I then also write to the railways and roadways to stop services. And this was followed much before the lockdown in India was announced. We then had 1,950 rural teams constituted who were serving door-to-door by collecting samples for testing from door-to-door. We have 1,910 villages in Bhilwara and 1,950 teams were made; these teams constituted of three members each. They would go to homes and check on the travel history and health history of citizens. We had around 6,000 such people identified and since screening all of them were not possible we had them all home quarantined. These people had to report regularly at the sub-division level.
Taking several such measures, what we saw is: In the first 14 days, we were expecting nearly 100- 150 patients and in the next 14 days, nearly 500 and in the next 14 days nearly more than 1,000-2,000 cases. But, we were able to contain them from 26 in the first seven days to 33 until now. So as of now, we have only one case positive in the last 14 days. So we worked in this manner with a ruthless containment strategy and mapping of thoughts.”
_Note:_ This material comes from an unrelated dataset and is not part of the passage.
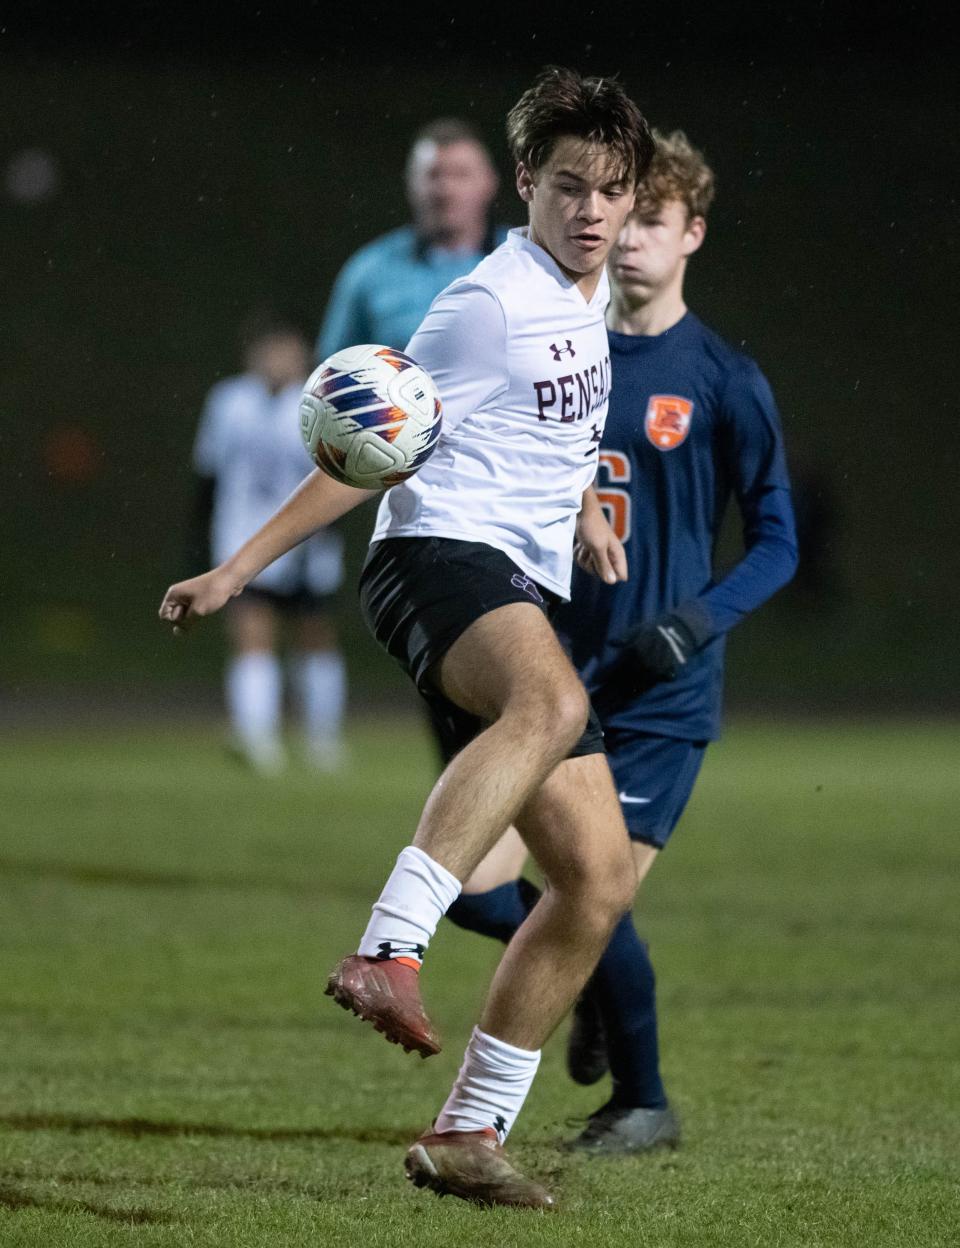 Cooper Nolen (9) takes control of the ball during the Pensacola vs Escambia boys soccer game at Escambia High School in Pensacola on Monday, Dec. 19, 2022.

Besides, there are a lot of technological innovations being done by start-ups in India. There is Artificial Intelligence-based monitoring of people via real-time alerts to see if they are wearing masks or using thermal cameras to see if there are any health risks. Then there are drone-based solutions which support police and urban local bodies for effective and efficient management and at a time 3,250 drones can be deployed at any given location and it can send accurate image back to the ground station that can help the police take stock of the situation. Then there are also contactless wireless thermal sensors and images that measure the temperature data of individuals, even a group of crowd, and through a drone you can actually work out the thermal monitor. Then there are also wireless technologies which will minimise the exposure to healthcare workers.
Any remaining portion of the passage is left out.